Prevent I18N Buffer Overruns

To avoid buffer overruns, always allocate sufficient buffer space for conversion and always check the function result. The following code shows how to do this correctly.

//Determine the size of the buffer required for the converted string. //The length includes the terminating \0. int nLen = MultiByteToWideChar(CP_OEMCP, MB_ERR_INVALID_CHARS, lpszOld, -1, NULL, 0); //If the function failed, don't convert! if (nLen == 0) { //oops! } //Allocate the buffer for the converted string. LPWSTR lpszNew = (LPWSTR) GlobalAlloc(0, sizeof(WCHAR) * nLen); //If the allocation failed, don't convert! if (lpszNew == NULL) { //oops! } //Convert the string. nLen = MultiByteToWideChar(CP_OEMCP, MB_ERR_INVALID_CHARS, lpszOld, -1, lpszNew, nLen); //The conversion failed, the result is unreliable. if (nLen == 0) { //oops! }

In general, do not rely on a precalculated maximum buffer size. For example, the new Chinese standard GB18030 (which can be up to 4 bytes for a single character) has invalidated many such calculations.

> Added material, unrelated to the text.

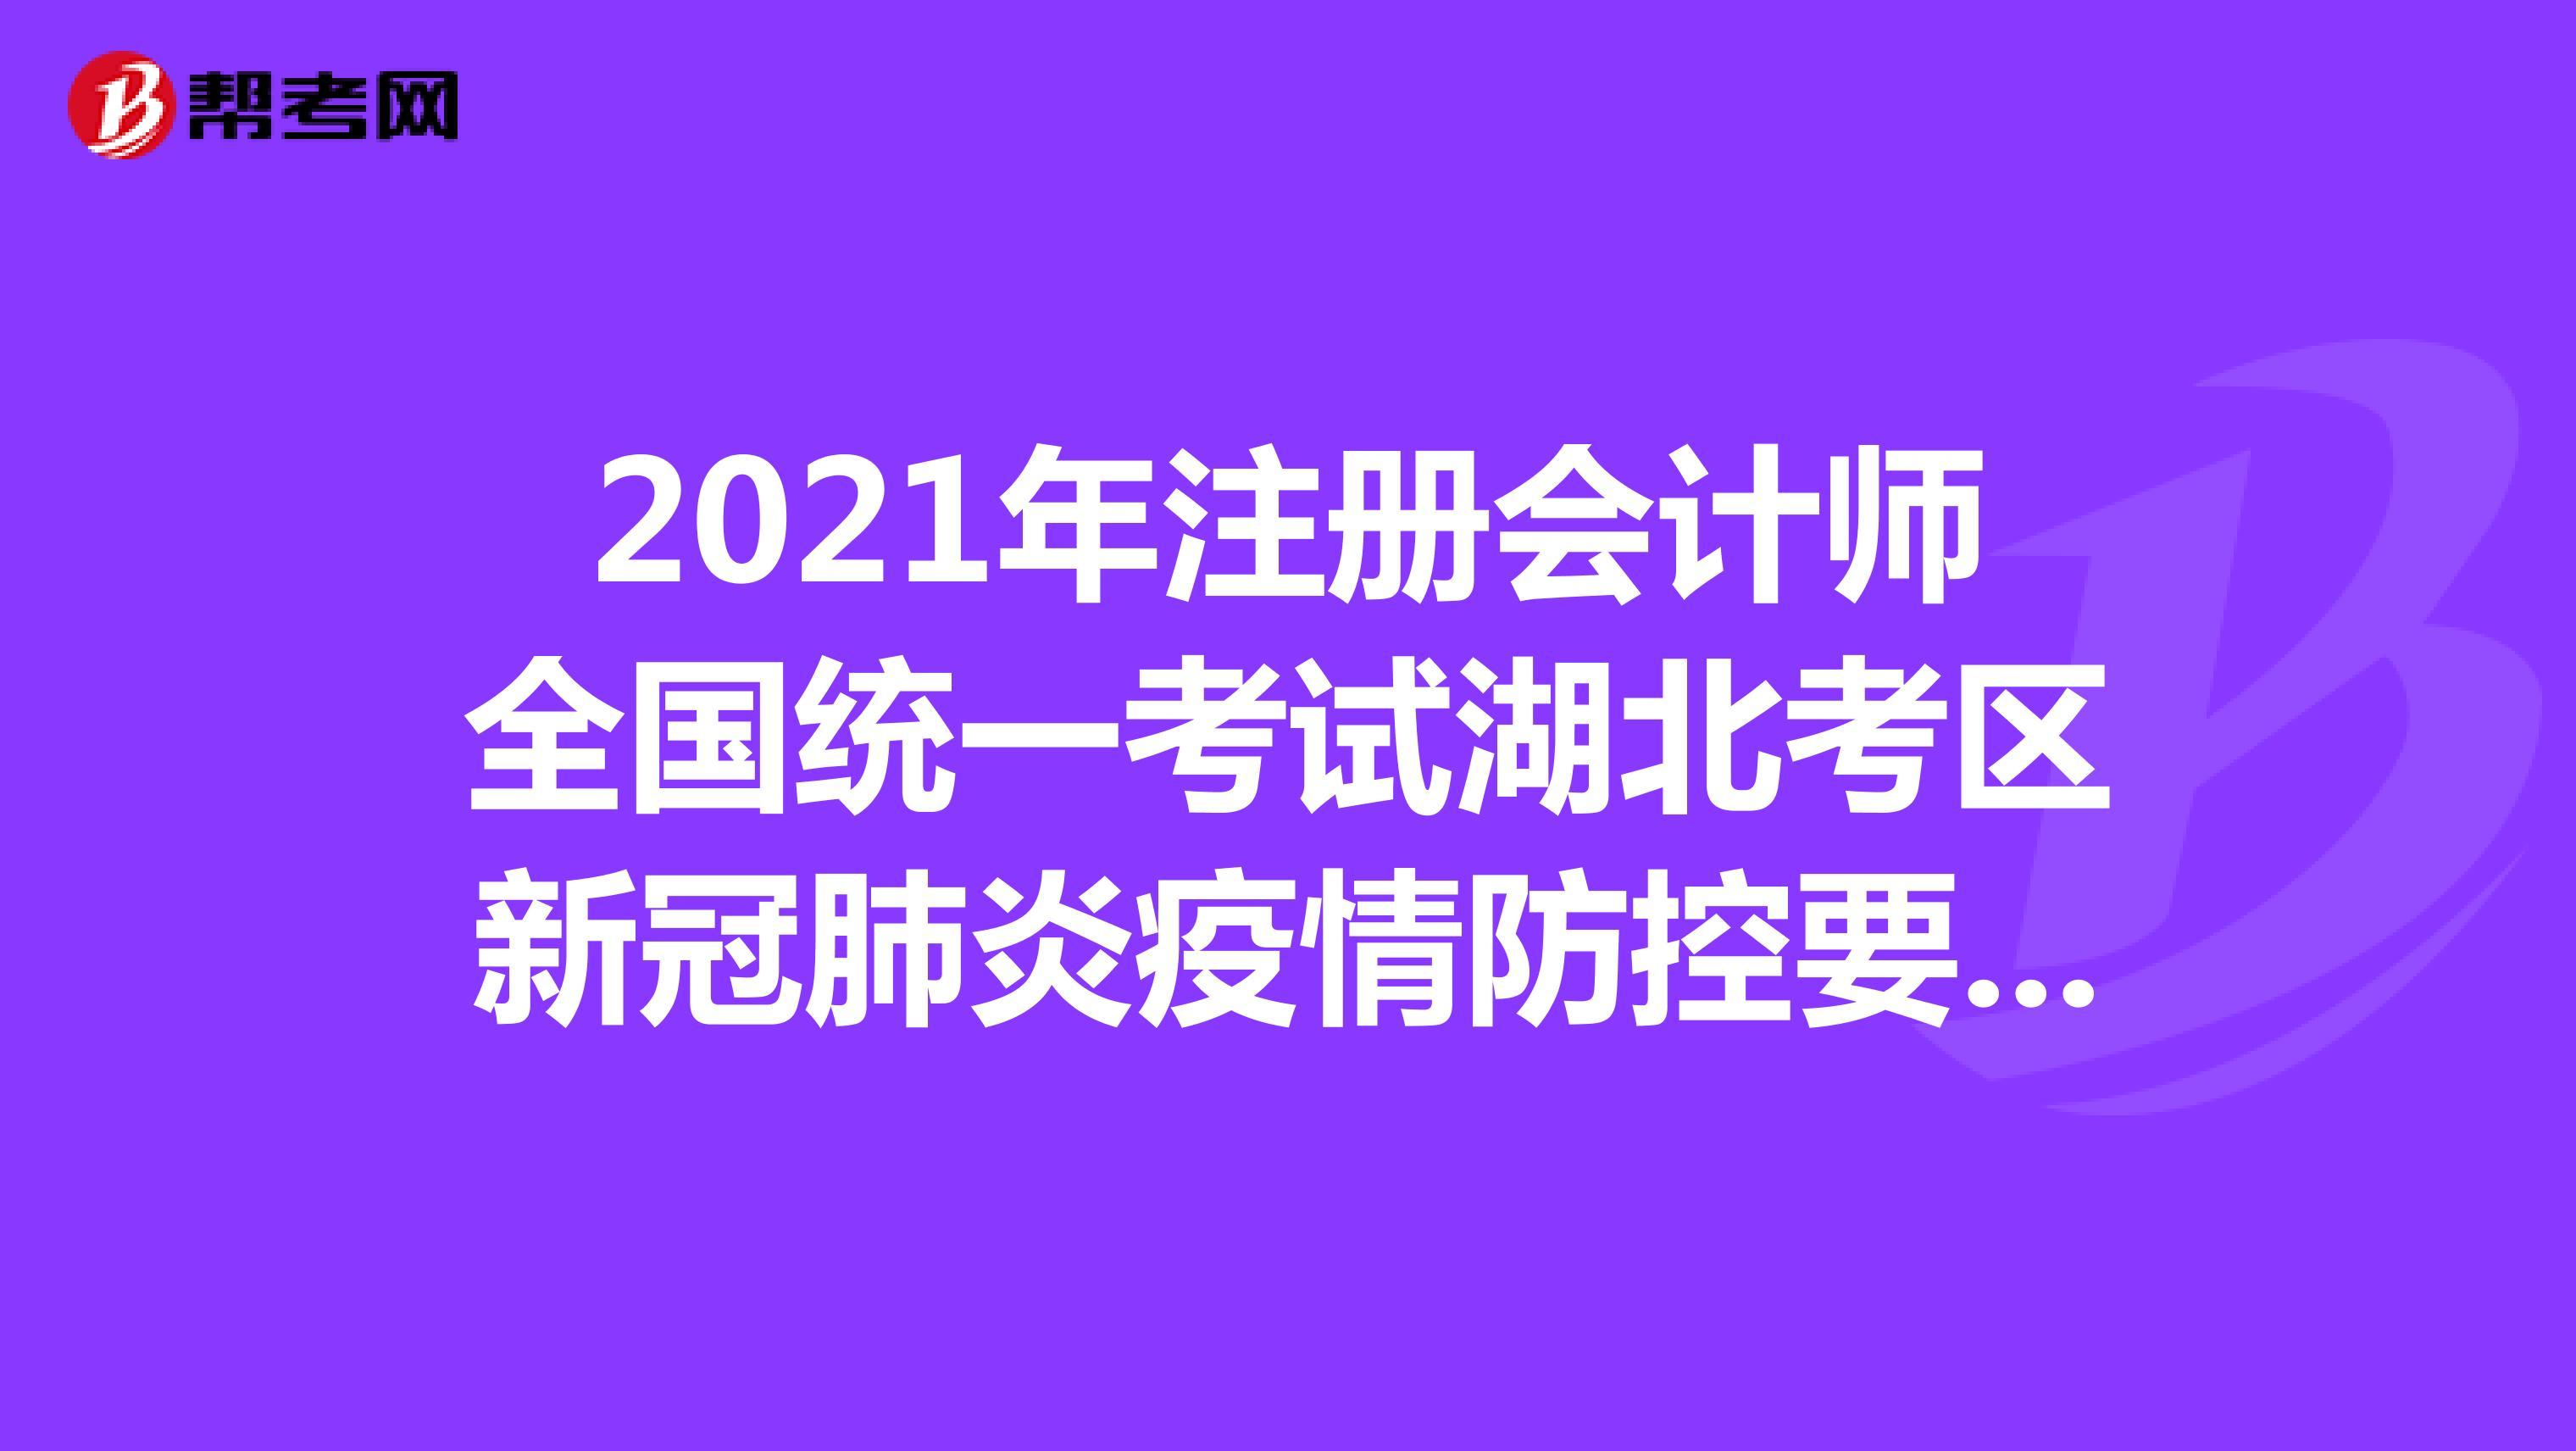 2021年注册会计师全国统一考试湖北考区新冠肺炎疫情防控要求考生告知书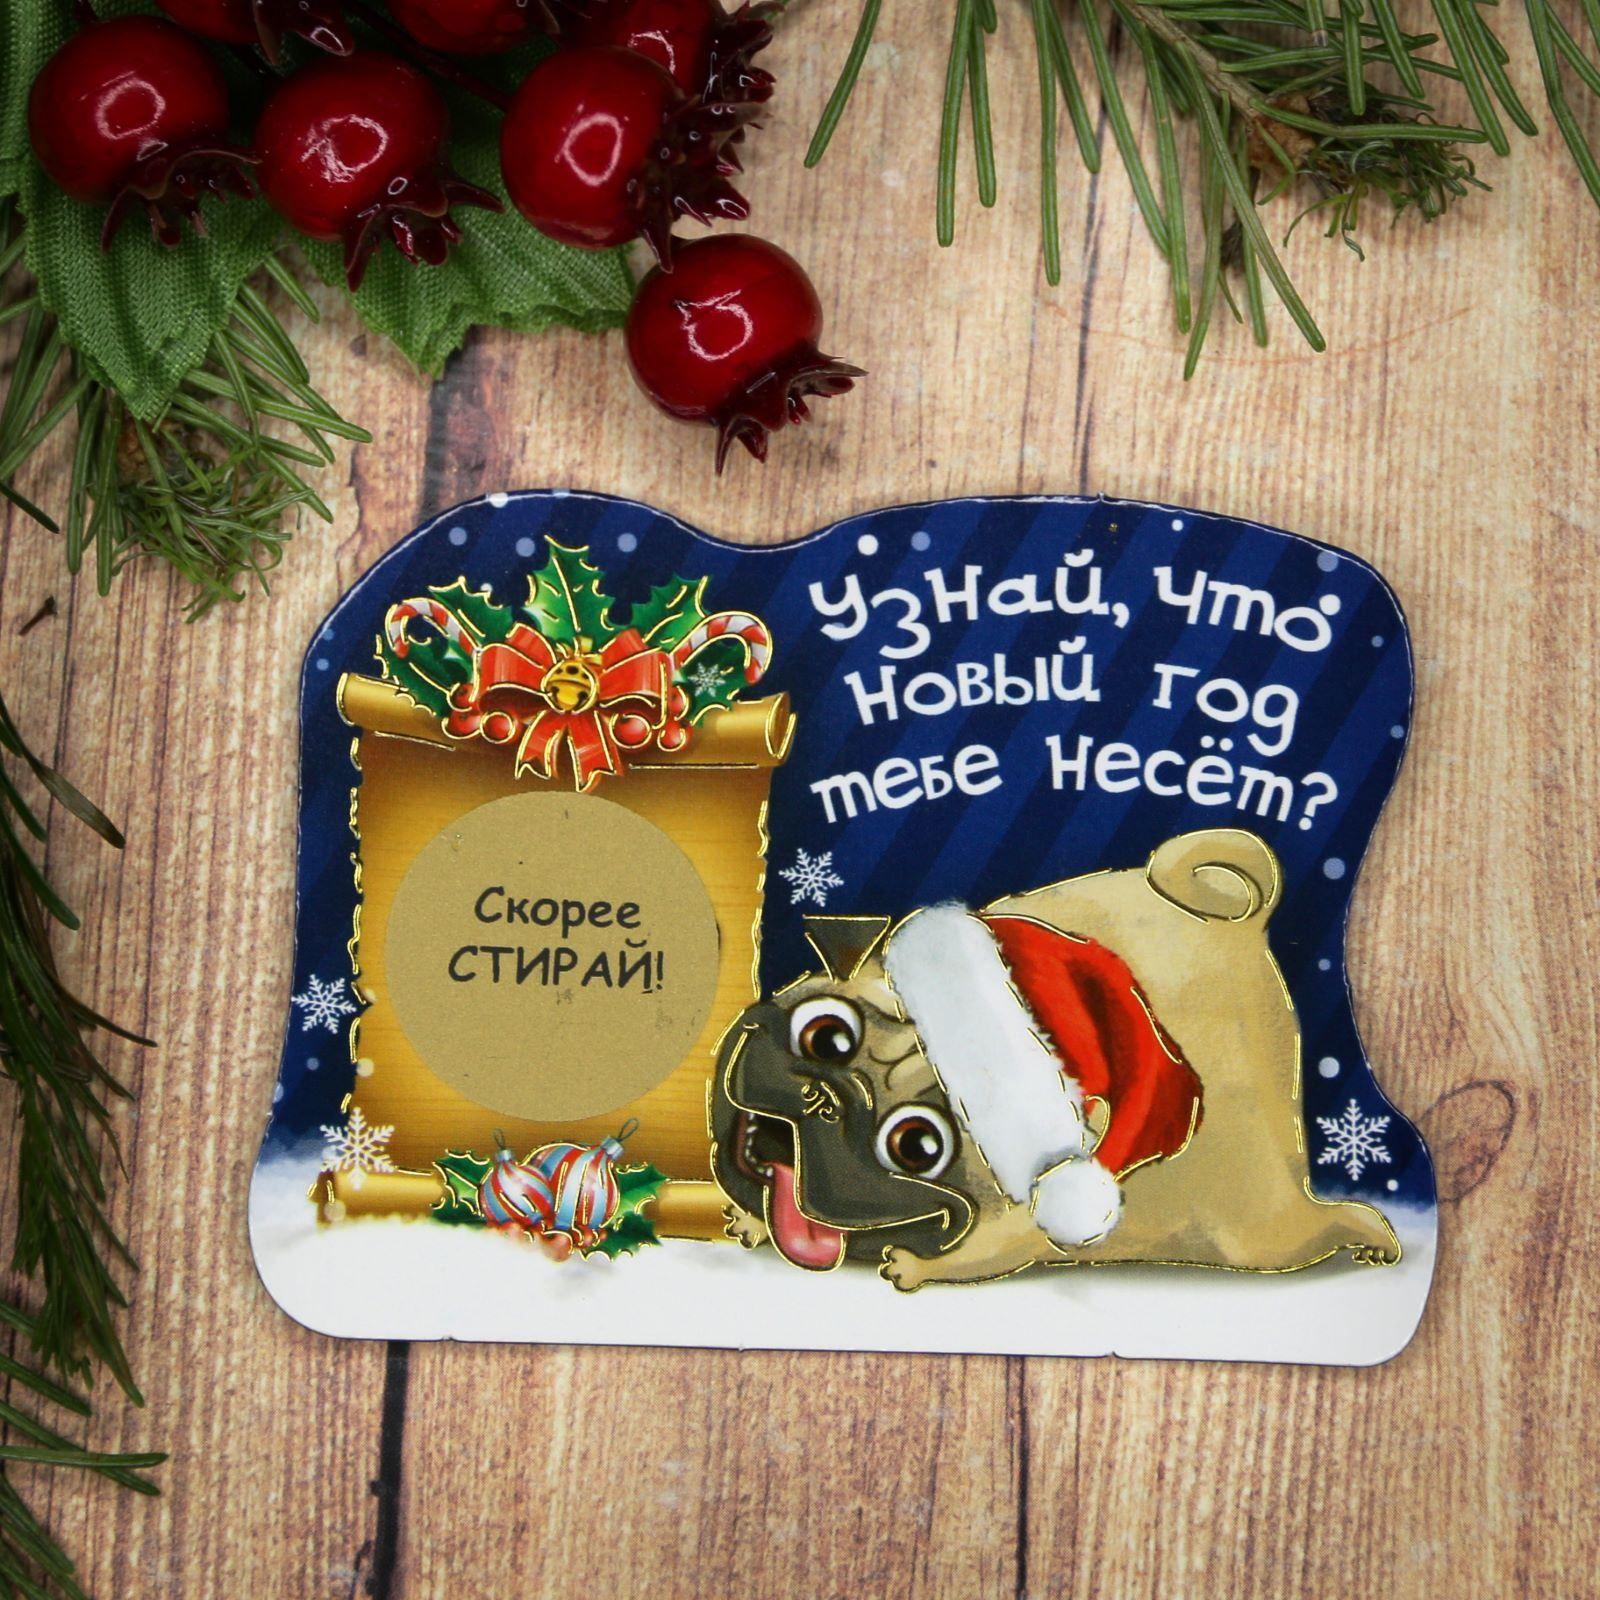 Магнит Sima-land Что Новый год тебе принесет?, со скретч-слоем, 8 х 6 см1989270Порадуйте родных и близких оригинальным сувениром: преподнесите в подарок магнит. С ним даже самый серьёзный человек почувствует себя ребёнком, ожидающим чудо!Создайте праздничное настроение, и оно останется с вами на весь год.

LCMapString is especially tricky: the output buffer length is words unless called with the LCMAP_SORTKEY option, in which case the output buffer length is bytes.

More Info
If you think Unicode buffer overruns are hard to exploit, you should read Creating Arbitrary Shellcode in Unicode Expanded Strings at http://www.nextgenss.com/papers/unicodebo.pdf.

Words and Bytes

Despite their names and descriptions, most Win32 functions do not process characters. Most Win32 A functions, such as CreateProcessA, process bytes, so a two-byte character, such as a Unicode character, would count as two bytes instead of one. Most Win32 W functions, such as CreateProcessW, process 16-bit words, so a pair of surrogates will count as two words instead of one character. More about surrogates in a moment. Confusion here can easily lead to buffer overruns or over allocation.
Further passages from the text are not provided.